By Anson Bouchard and David Mathias

Looking at fiscal data from the Congressional Budget Office (CBO) and news indices developed by Baker, Bloom and Davis , we explore this question by tracking the fiscal deficit compared with news attention regarding it. We cyclically adjust the CBO fiscal deficit, meaning it has been modified to remove the effects of the business cycle and temporary fiscal swings. We then compare it to the media attention data, which are news indices that track the mention of certain terms in US newspapers. We use the terms that fall under the following categories: fiscal policy and government spending, entitlement programs, and taxes.
To explore the relationship between media attention and the fiscal deficit, we have made two graphs. These show that media attention and the fiscal deficit are mostly inversely correlated, from which we can infer that the media feel that fiscal policy, taxes, and entitlements are topics of greater public interest when the deficit is relatively large.

Our first graph analyzes the correlation between various media categories and the federal budget outcomes. Since the different media categories are highly correlated, we use the average media mentions in the rest of our analysis.

The second graph, using the average of all the terms, highlights that when there are greater deficits, the media attention usually proportionally increases to cover that deficit. To measure the evolving relationship between media coverage and the fiscal deficit, we included a time trend in our regression model. We found that, holding deficits constant, each passing year is associated with a 0.5245 index point decline in our media attention index.
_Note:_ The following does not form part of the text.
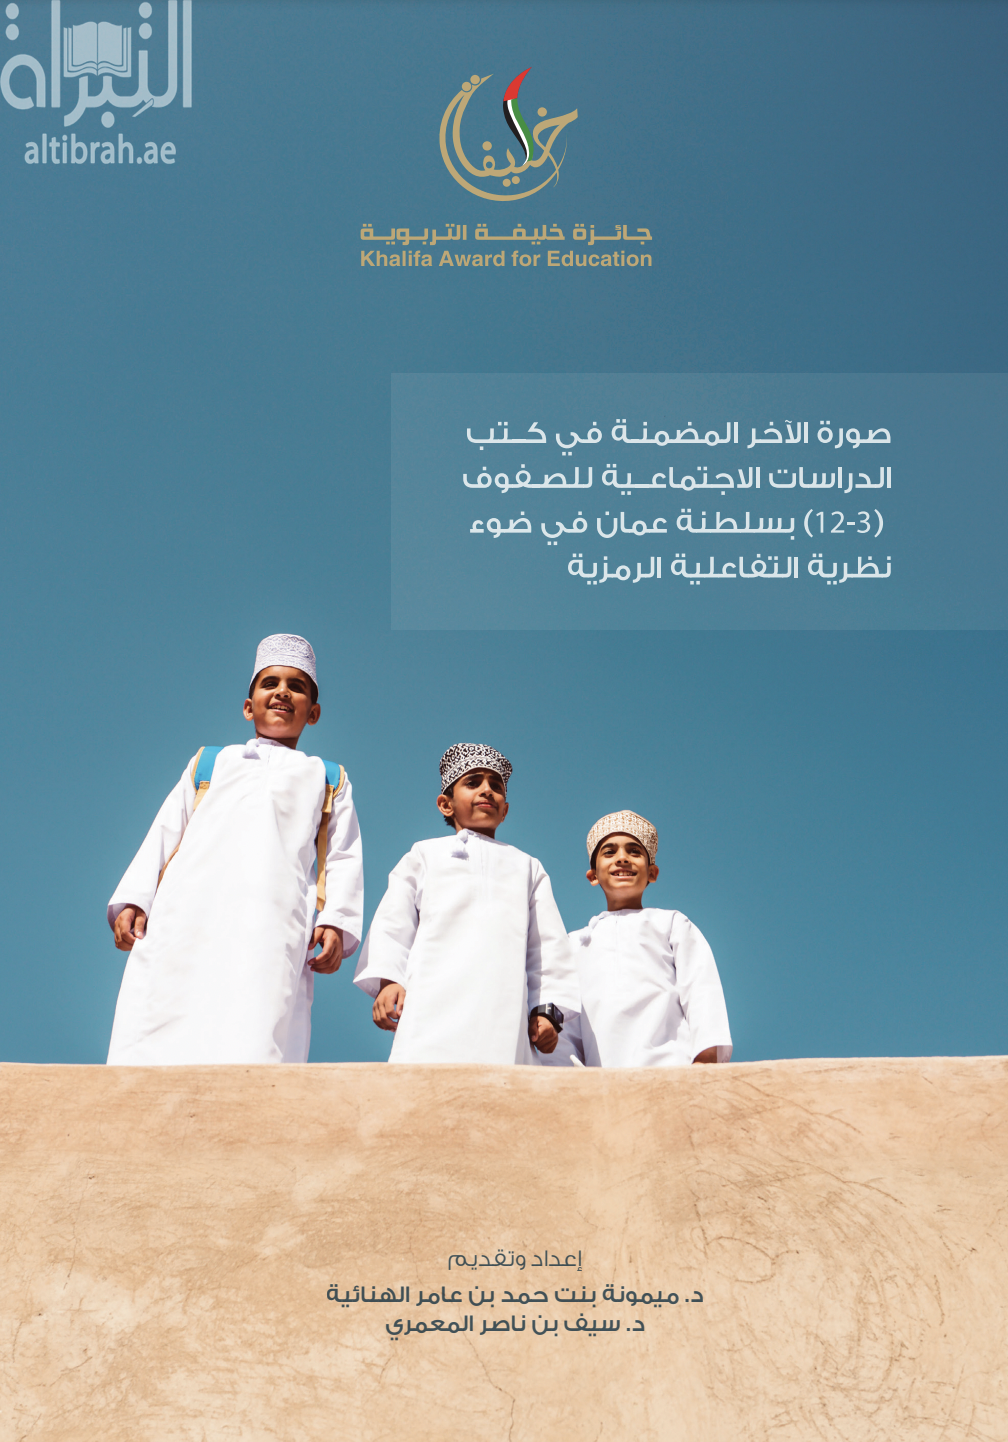 كتاب صورة الآخر المضمنة في كتب الدراسات الاجتماعية للصفوف ( 3 - 12 ) بسلطنة عمان في ضوء نظرية التفاعلية الرمزية

But deficits have not been constant – in fact, they have been rising. When we invert this relationship, it becomes clear that increasingly larger deficits are now required to generate the same level of media attention. The news index is normalized to have a mean of 100 over the span of 1985 to 2024, so the 0.5245 index points may appear modest in magnitude. However, because the trend is statistically significant, we can conclude that the decline is systemic and meaningful over time. This supports the existence of a long-run relationship between time and reduced media sensitivity to deficits.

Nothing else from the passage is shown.